In RoboTwin 2.0, a dual-arm manipulation benchmark with 5 tasks that require both arms, FOFPred achieves a success rate of 68.6 percent. Baseline VPP is up to 61.8 percent under similar training settings. FOFPred optimizes the success of every function in a subset.

Move text to video rendering

The second function below is to control the movement from text to video production. The research team created a two-stage pipeline by connecting FOFPred with the Go with the Flow video diffusion model. FOFPred takes the first frame and the definition of the motion language, predicts a sequence of future frames, and combines them into a dense motion field. Go with Flow and use this motion field and the first frame to compose the final video, enforcing the defined motion pattern.

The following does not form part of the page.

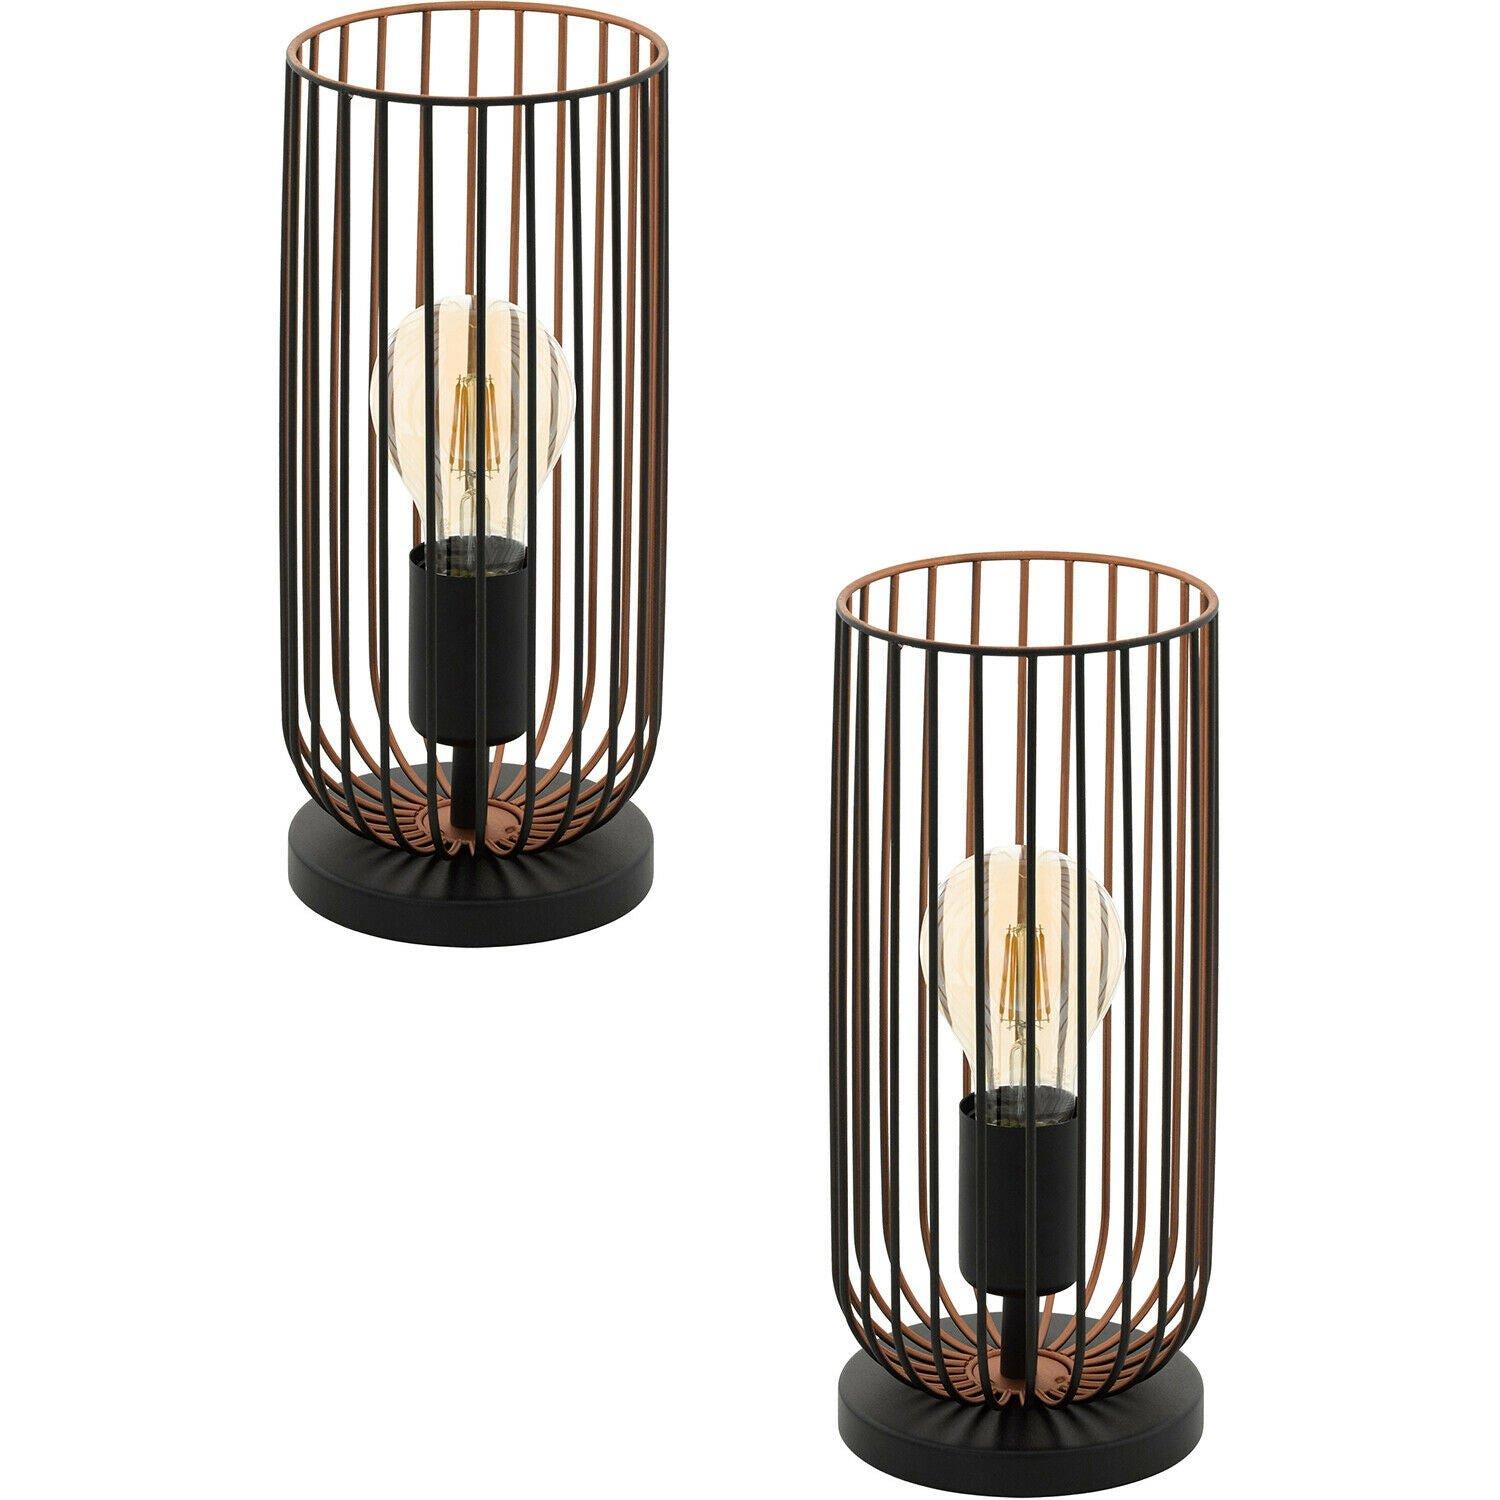 2 PACK Small Table Lamp Desk Light Black & Copper Cage Shade 1x 60W E27

In the heavy Something V2 benchmark motion, FOFPred and the Go with the Flow pipeline outperform the base CogVideoX under the same conditions. The method achieves SSIM 68.4, PSNR 22.26, LPIPS 28.5, FVD 75.39, KVD 11.38, and motion fidelity 0.662, which is always better than CogVideoX. Importantly, FOFPred uses only one language and framework for inference, while several controllable video frameworks require hand masks or object or trajectories as additional inputs.

Essential Extraction

FOFPred reframes motion prediction as language-driven future vision flow, predicting 4 dense flow frames from one or more current images and text instruction, providing only joint motion to represent the underlying tasks.
The model uses an integrated VLM Diffusion core, with Qwen2.5-VL as a frozen optical language encoder, Flux.1-VAE as a frozen image and flow encoder, and OmniGen DiT style as a trained single component with spatio temporal RoPE based attention.
The training is based on large-scale web and egocentric video from Something Something-V2 and EgoDex, and creates the target of the visual flow by measuring the movement of the ego with homography, removing the camera flow and filtering the high moving segments, which greatly improves the performance of the stream.
In the manipulation of robots, FOFPred acts as the backbone of the movement of the head of the distribution policy and achieves the state of the art or better results in CALVIN ABCD and RoboTwin 2.0, including 4.48 average length of the chain of operations in CALVIN and 68.6 percent of average success in RoboTwin, the variant of VPP and DreamVLA that works best.
For text-to-video production, connecting FOFPred to Go with the Flow produces better SSv2 metrics than CogVideoX, with higher SSIM and PSNR, lower FVD and KVD, and improved motion fidelity, while requiring only one language and one frame in thought, making FOFPred a reusable motion controller for both robotic and video synthesis pipelines.

Check out Paper, Model again Repo. Also, feel free to follow us Twitter and don’t forget to join our 100k+ ML SubReddit and Subscribe to Our newspaper. Wait! are you on telegram? now you can join us on telegram too.

Michal Sutter is a data science expert with a Master of Science in Data Science from the University of Padova. With a strong foundation in statistical analysis, machine learning, and data engineering, Michal excels at turning complex data sets into actionable insights.